Benefits of this patch:
- Removed a lot of calls to strlen(), especially for field_string
- Strings generated by parser are now const strings, less chance of
accidently changing a string
- Removed a lot of calls with LEX_STRING as parameter (changed to pointer)
- More uniform code
- Item::name_length was not kept up to date. Now fixed
- Several bugs found and fixed (Access to null pointers,
access of freed memory, wrong arguments to printf like functions)
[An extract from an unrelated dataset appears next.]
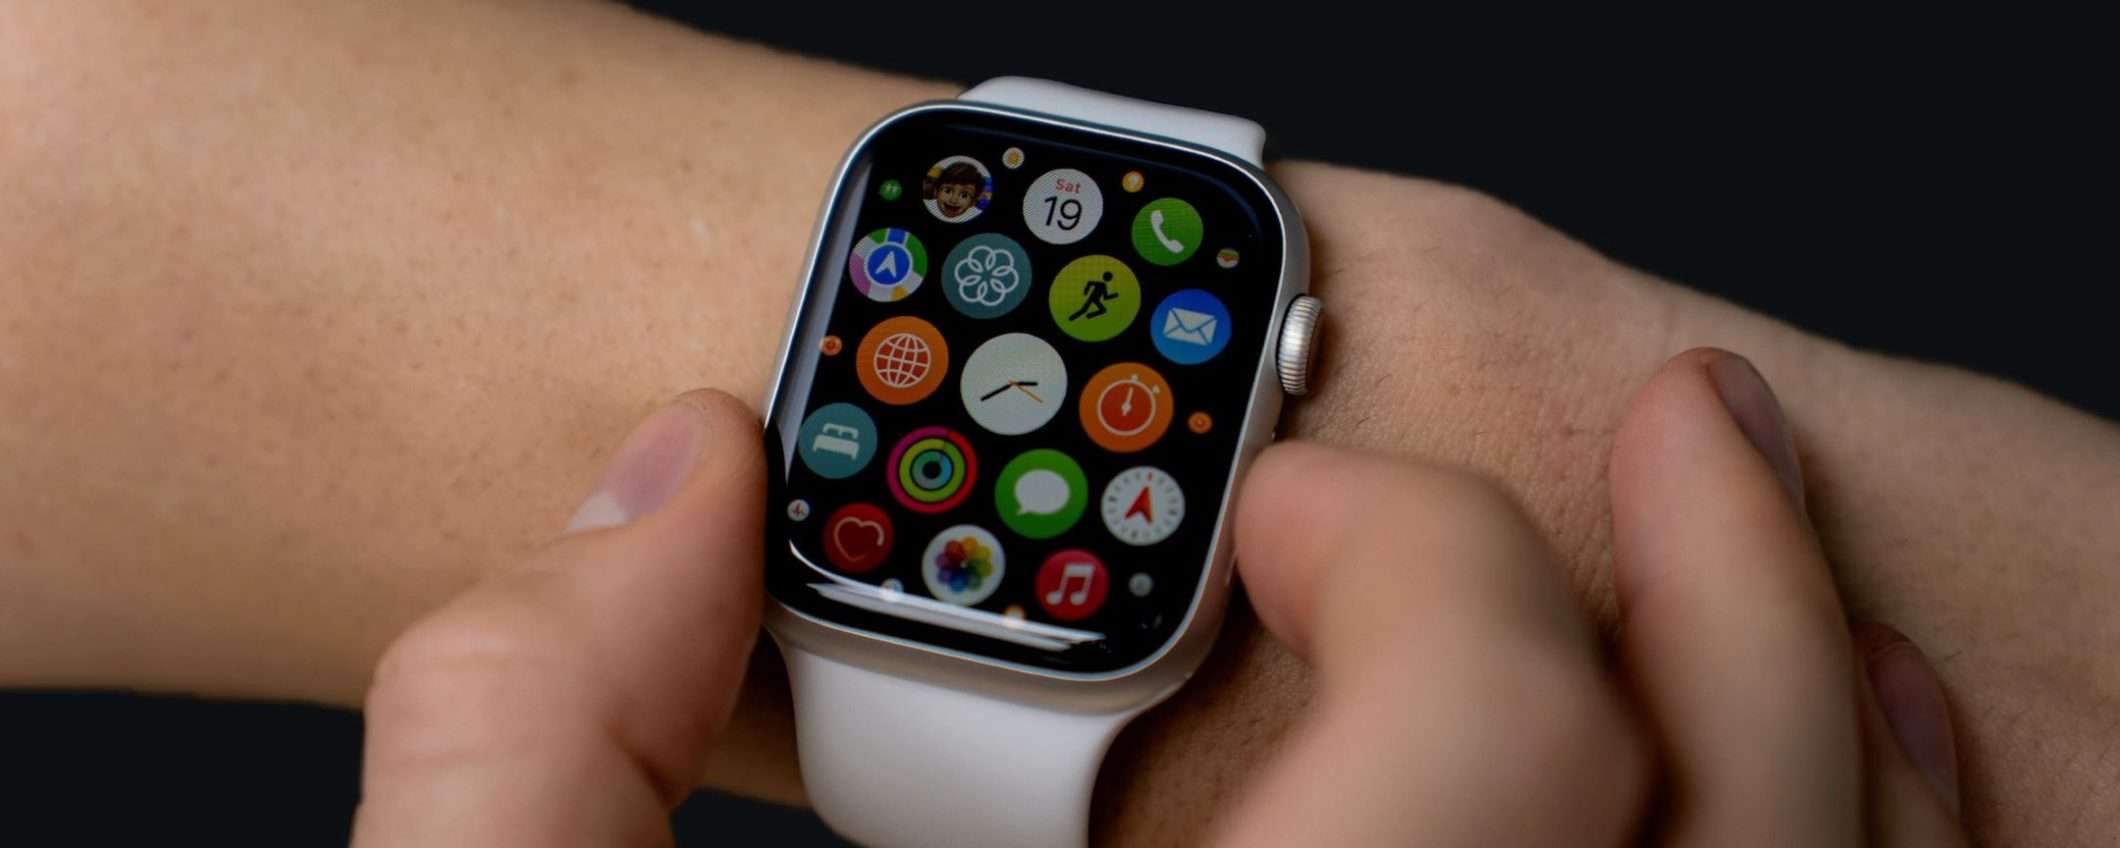 Apple Watch 8 41 mm: Unieuro PIEGA Amazon, stesso prezzo ma con le RATE

- Removed a lot of casts from (const char*) to (char*)
Changes:
- This caused some ABI changes
- lex_string_set now uses LEX_CSTRING
- Some fucntions are now taking const char* instead of char*
- Create_field::change and after changed to LEX_CSTRING
- handler::connect_string, comment and engine_name() changed to LEX_CSTRING
- Checked printf() related calls to find bugs. Found and fixed several
errors in old code.
- A lot of changes from LEX_STRING to LEX_CSTRING, especially related to
parsing and events.
- Some changes from LEX_STRING and LEX_STRING & to LEX_CSTRING*
- Some changes for char* to const char*
- Added printf argument checking for my_snprintf()
- Introduced null_clex_str, star_clex_string, temp_lex_str to simplify
code
- Added item_empty_name and item_used_name to be able to distingush between
items that was given an empty name and items that was not given a name
This is used in sql_yacc.yy to know when to give an item a name.
- select table_name."*' is not anymore same as table_name.*
- removed not used function Item::rename()
- Added comparision of item->name_length before some calls to
my_strcasecmp() to speed up comparison
- Moved Item_sp_variable::make_field() from item.h to item.cc
- Some minimal code changes to avoid copying to const char *
- Fixed wrong error message in wsrep_mysql_parse()
- Fixed wrong code in find_field_in_natural_join() where real_item() was
set when it shouldn't
- ER_ERROR_ON_RENAME was used with extra arguments.
- Removed some (wrong) ER_OUTOFMEMORY, as alloc_root will already
give the error.
TODO:
- Check possible unsafe casts in plugin/auth_examples/qa_auth_interface.c
- Change code to not modify LEX_CSTRING for database name
(as part of lower_case_table_names)